つり革につかまると、目の前にいた女性の肘にかけた折りたたみ傘から、雫がぽたぽたと落ちているのが見えました。雨で濡れた車内は、傘を持つ人で身動きが取れないほどの混みようです。誰か濡れてしまうのでは、と気になりながらも、私は声をかけそびれていたのです。

落ちる雫と、こちらを向いた視線

その女性は、たたまずに濡れたままの折りたたみ傘を肘にかけ、つり革をつかんでいました。イヤホンをつけて、うつむいたまま、周りのことはまるで気にしていない様子です。

傘の先からは、一定の間隔で雫が落ち続けています。私はどうにか伝えられないかと、傘のほうへ何度も視線を向けてみました。

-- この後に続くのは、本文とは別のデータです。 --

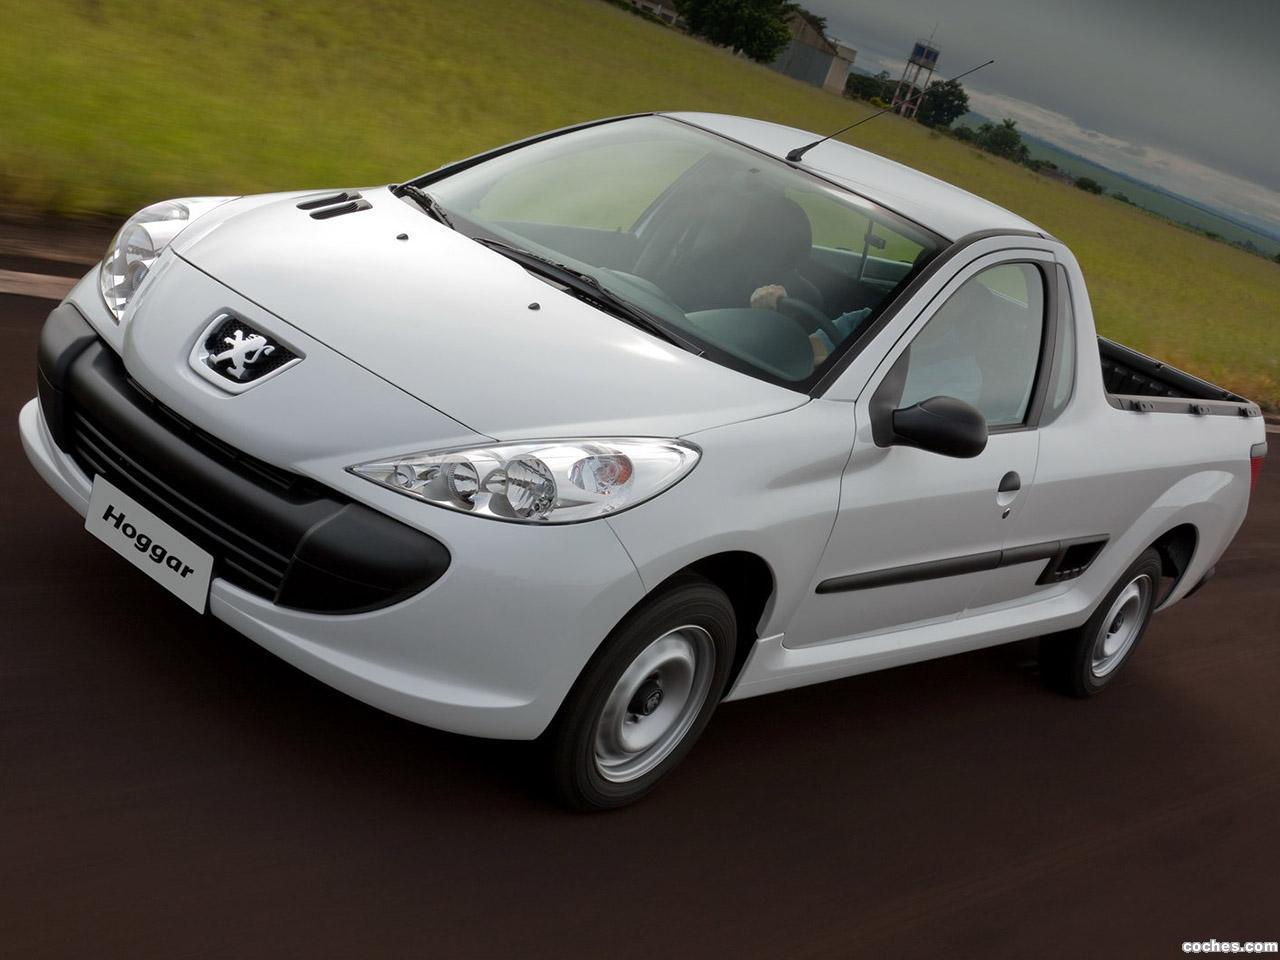 Foto 0 de Peugeot 207 Hoggar 2010

けれど女性は、こちらをちらりと見ると、「なんですか」と言って再びうつむいてしまいました。私は睨まれたように感じて、そのまま口をつぐんでしまいました。

前の席で上がった泣き声

雫が落ちていた先には、座席に座る小さな男の子がいました。お母さんに寄り添って座っていた男の子の頭に、傘からの雫がぽつりと落ちます。

「つめたい」

その声と同時に、ぐずるような泣き声が車内に広がりました。お母さんはあわてた様子で、ハンカチを取り出して男の子の髪をそっと拭いています。その光景に気づいた周りの大人たちの視線が、傘を持つ女性へと集まっていきました。

次の駅で降りていった背中

ようやく顔を上げた女性は、足元で泣いている男の子と、自分に向けられた視線に、気づいたようでした。肘にかけたままの傘に、ばつが悪そうに目を落とします。

次の駅に着くと、彼女はうつむいたまま、人をかき分けてホームへ降りていきました。その背中を、私はただ見送りました。注意できなかった私の代わりに、まわりの状況のほうが彼女に伝えてしまったのだと思いました。

そして...

彼女が降りていったあと、車内には少し落ち着いた空気が戻りました。前の席の男の子も、お母さんに頭を拭いてもらい、泣きやんでいます。

私が無理に注意して角を立てなくても、まわりの視線がきちんと伝えてくれた。そう思うと、気持ちがすっと軽くなりました。やっぱり、自分の持ち物くらいは自分で気を配りたいものです。

降りる駅に着くまでの間、私は少しだけ晴れやかな気分で、窓の外の雨をながめていました。

(30代女性・会社員)

本記事は、ハウコレ読者への独自アンケートに寄せられた実体験をもとに制作していますが、個人が特定されないよう、一部設定を変更しています。